Two MLPs. Same architecture ($4$ layers, hidden dim $128$, ReLU + sigmoid). Same training data (a $64 \times 64$ image). Same training budget ($2{,}000$ iterations of AdamW at $\eta = 5 \times 10^{-4}$). Same initialisation seed. The only difference: one of them encodes its input coordinates through sin/cos at $6$ exponentially-spaced frequencies before the MLP sees them.
The PSNR difference is $10.64$ dB. The visual difference is qualitative: the unencoded MLP produces a smooth blob; the encoded MLP produces a recognisable image. This single design choice — change the input representation, not the architecture — is what made NeRF possible.
The Image We Fit
The target is a synthetic $64 \times 64$ RGB image designed to be hard for low-frequency-biased models. It contains four distinct features:
- An $8 \times 8$ black-and-white checkerboard occupying the top half (high spatial frequency, regular structure).
- A solid red circle in the bottom-left (smooth interior, sharp curved boundary).
- A solid blue square in the bottom-right (smooth interior, sharp straight boundaries).
- A 2-pixel-thick yellow diagonal line cutting across the bottom half (the highest-frequency feature in the image).
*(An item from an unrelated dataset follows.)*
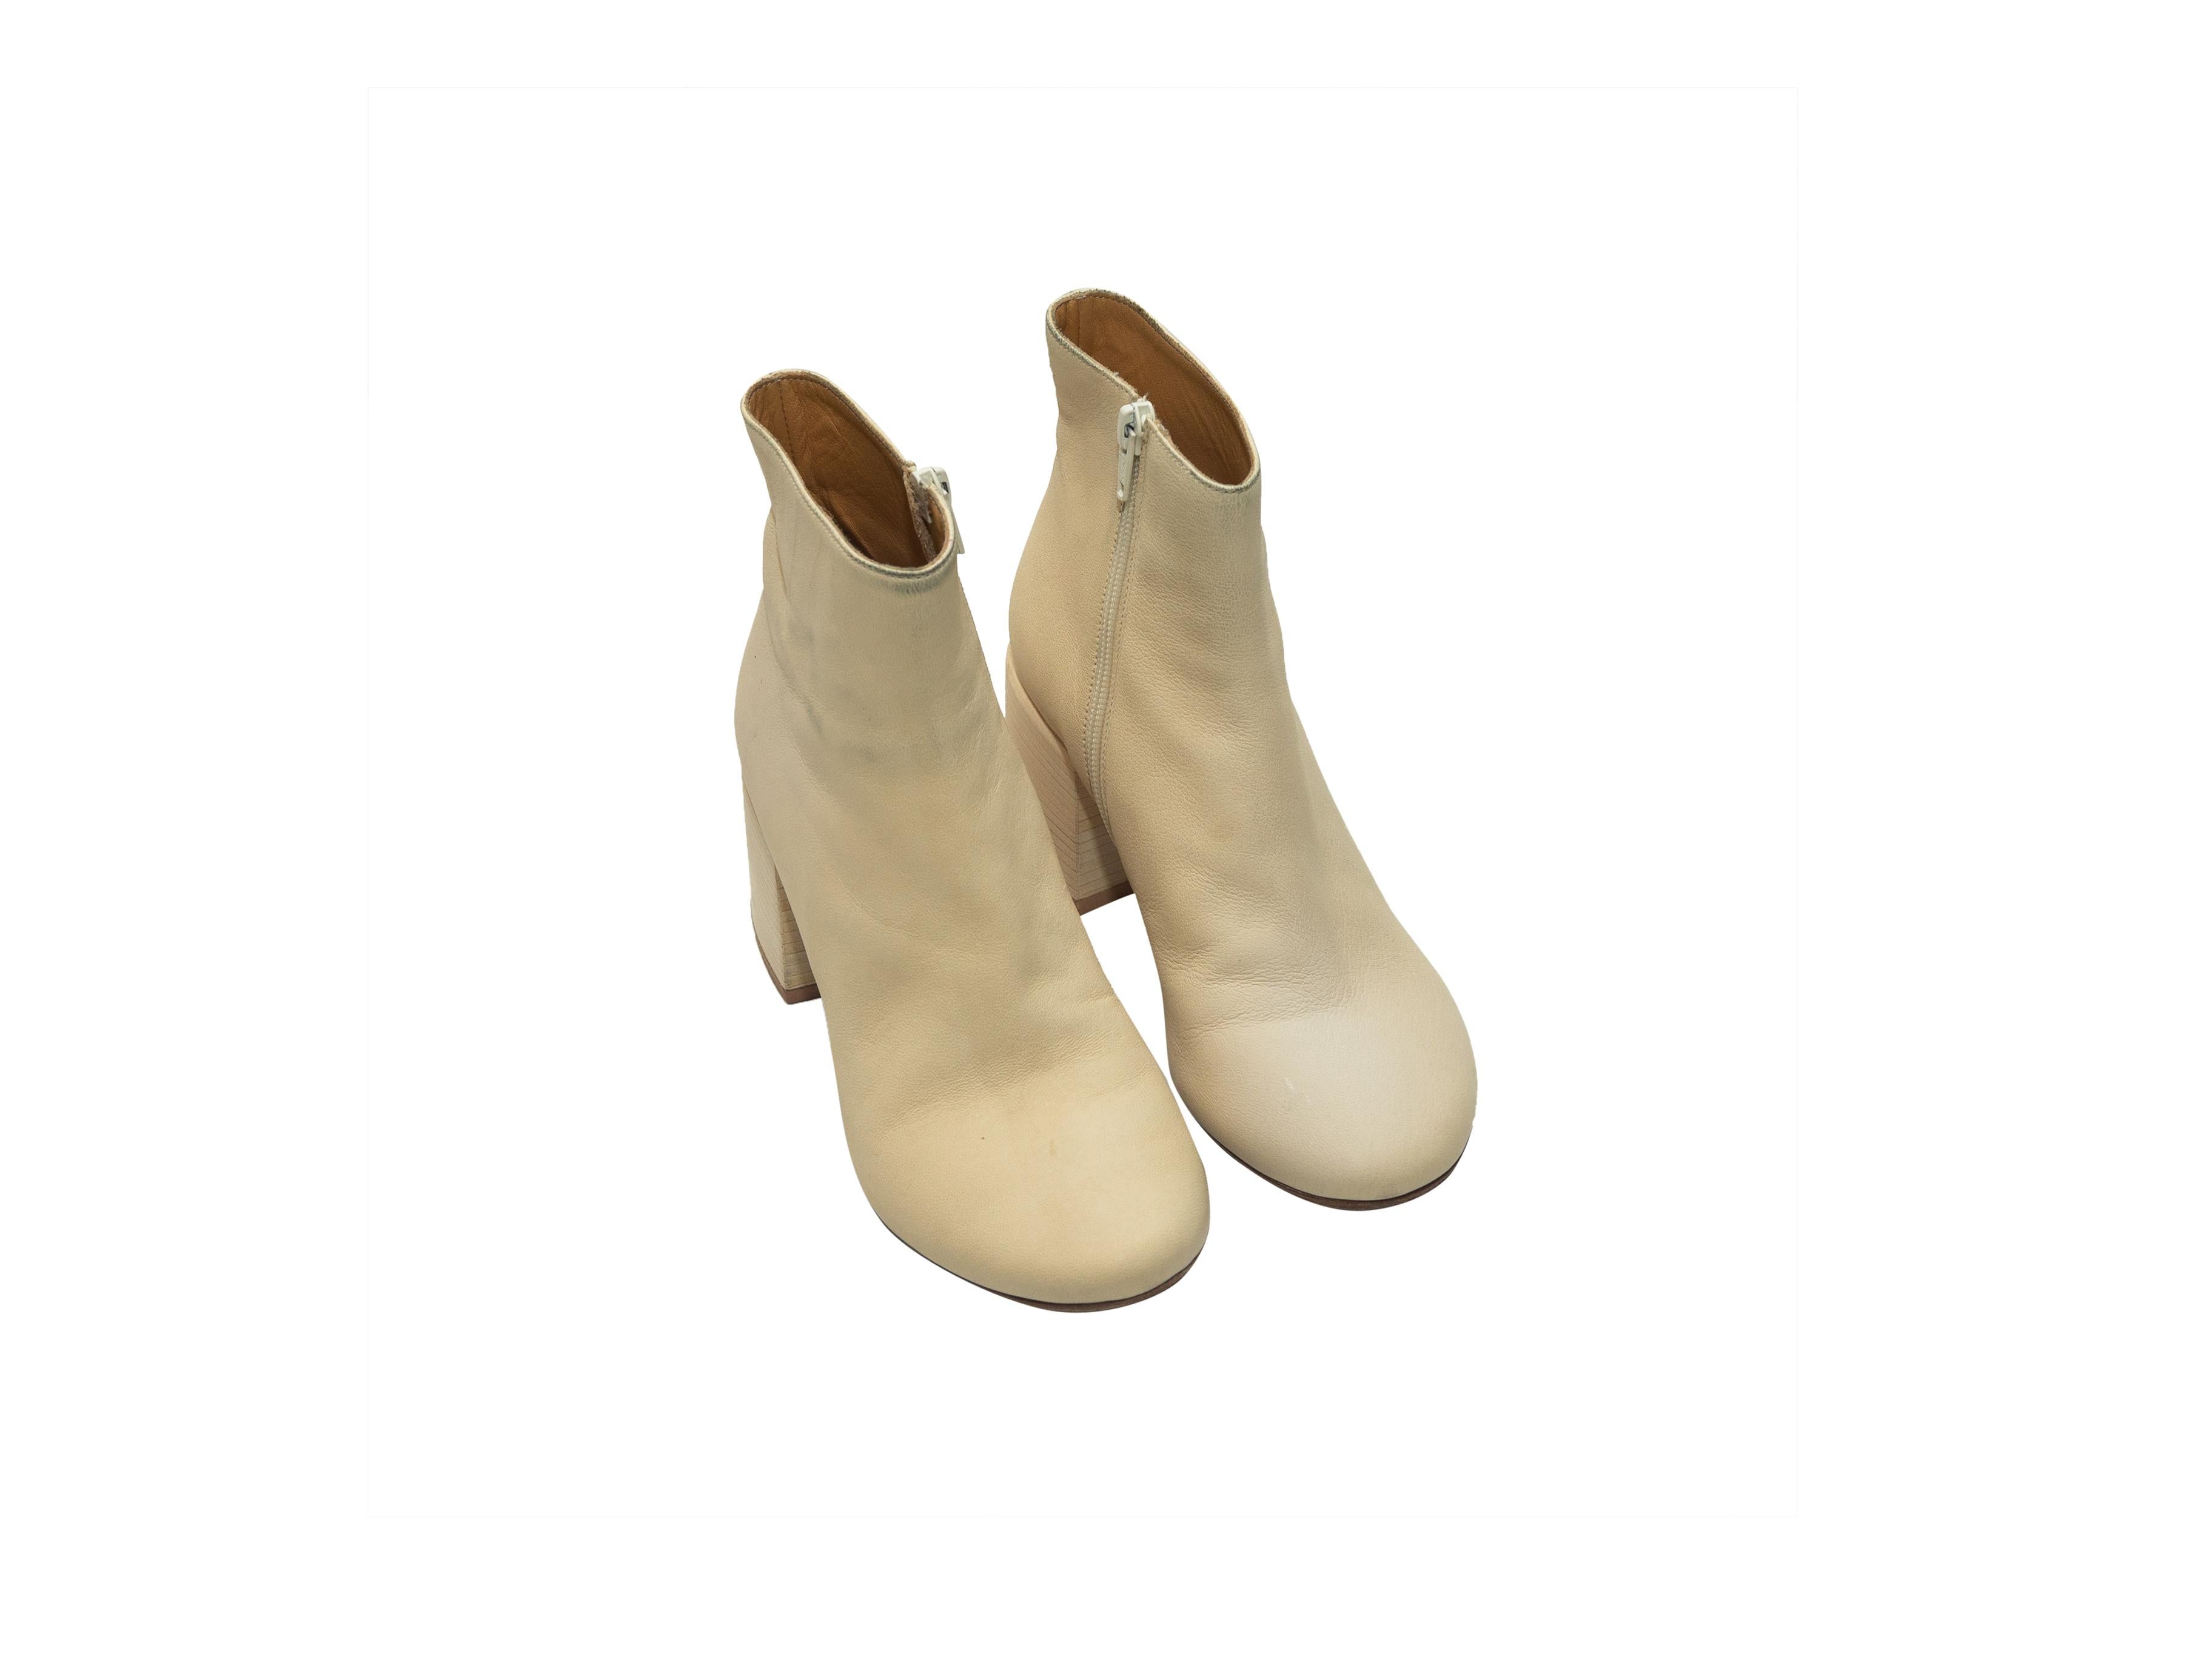 Product details: Cream leather round-toe ankle boots by MM6 Maison Margiela. Stacked heels. Zip closures at inner sides. Designer size 37. 3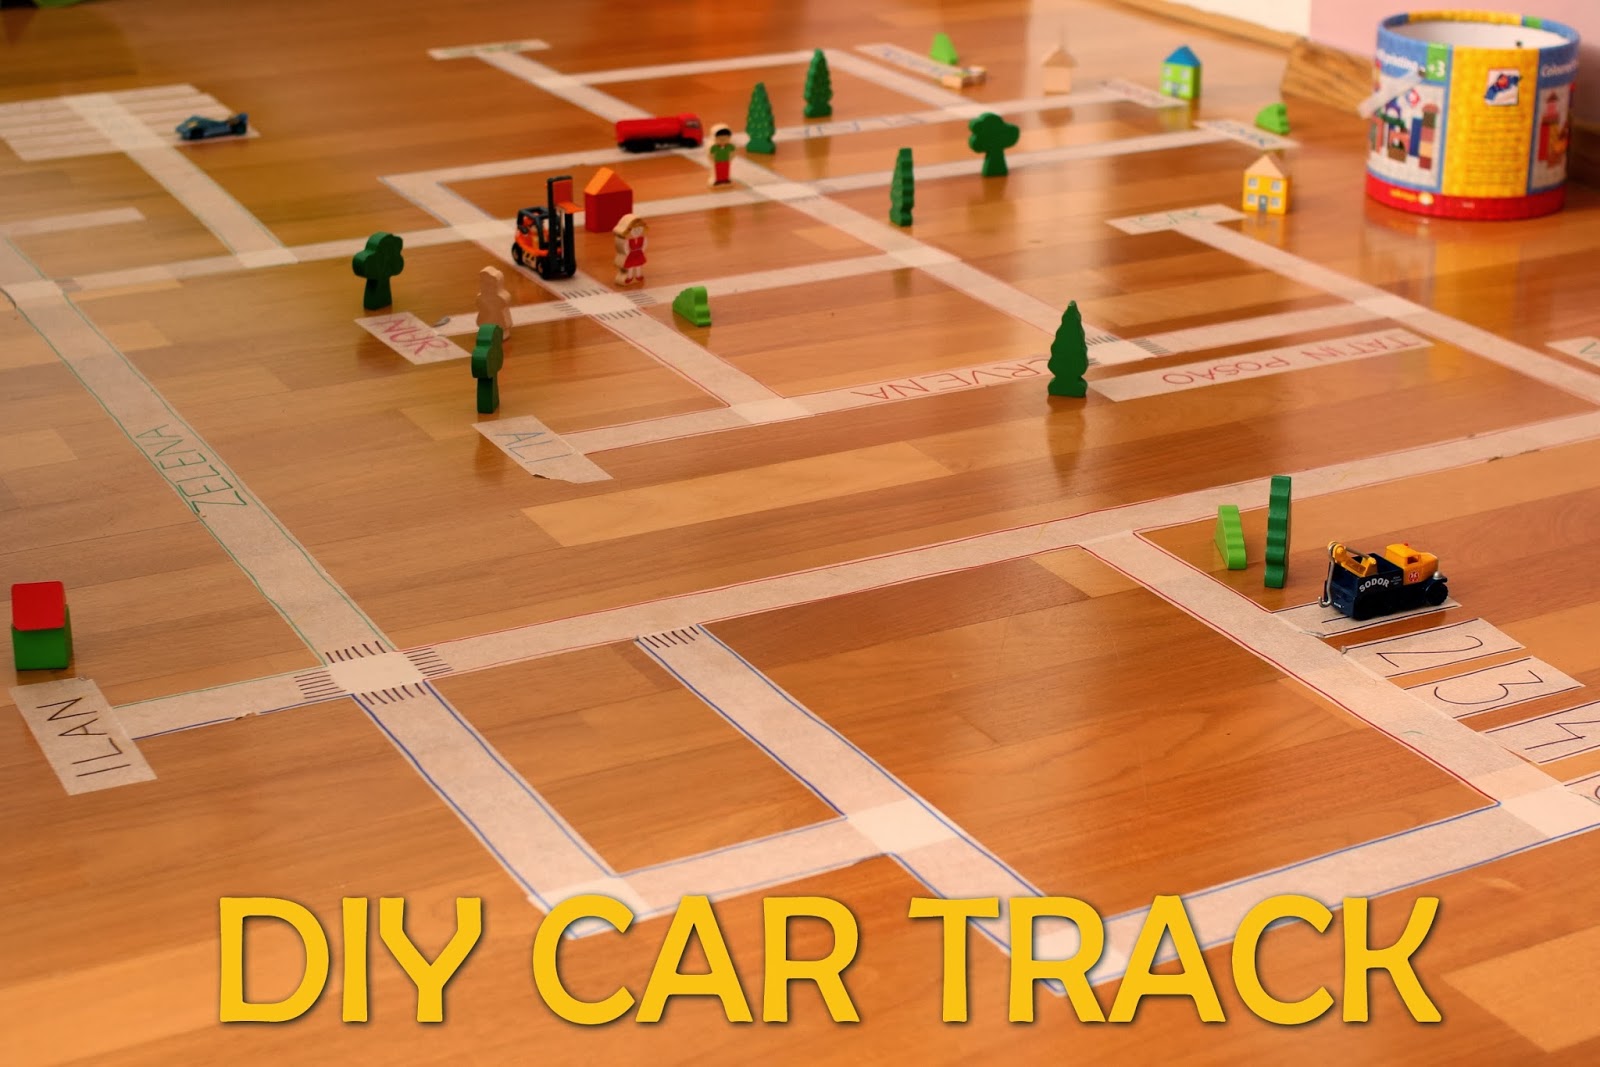 DIY Duct Tape Race Tracks {Boredom Buster}

These four features span a spectrum of difficulty. Solid regions are easy for any MLP (low spatial frequency, smooth gradients). Sharp shape boundaries become representable with Fourier features (mid-to-high frequency). The diagonal yellow line tests the limit — it requires both high frequency and oriented structure, the kind of detail that pre-NeRF coordinate MLPs simply could not produce.
Results
| Metric | No PE | With PE ($L = 6$) |
|---|---|---|
| Parameters | $33{,}795$ | $36{,}611$ |
| Final MSE | $0.0771$ | $0.0067$ |
| Final PSNR | $11.13$ dB | $21.77$ dB |
| PSNR improvement | — | $+10.64$ dB |
| MSE ratio | — | $11.6\times$ lower |
| Training time | $6.7$ s | $6.1$ s |
The MLP weights ($33{,}795$) are the same in both. The encoded variant adds $2{,}816$ input weights (the first linear layer goes from $2 \to 128$ to $24 \to 128$), an $8\%$ parameter increase. The training time is essentially identical — the encoder is so cheap (no parameters, just a few elementwise operations) that the per-iteration cost is dominated by the MLP, which is unchanged.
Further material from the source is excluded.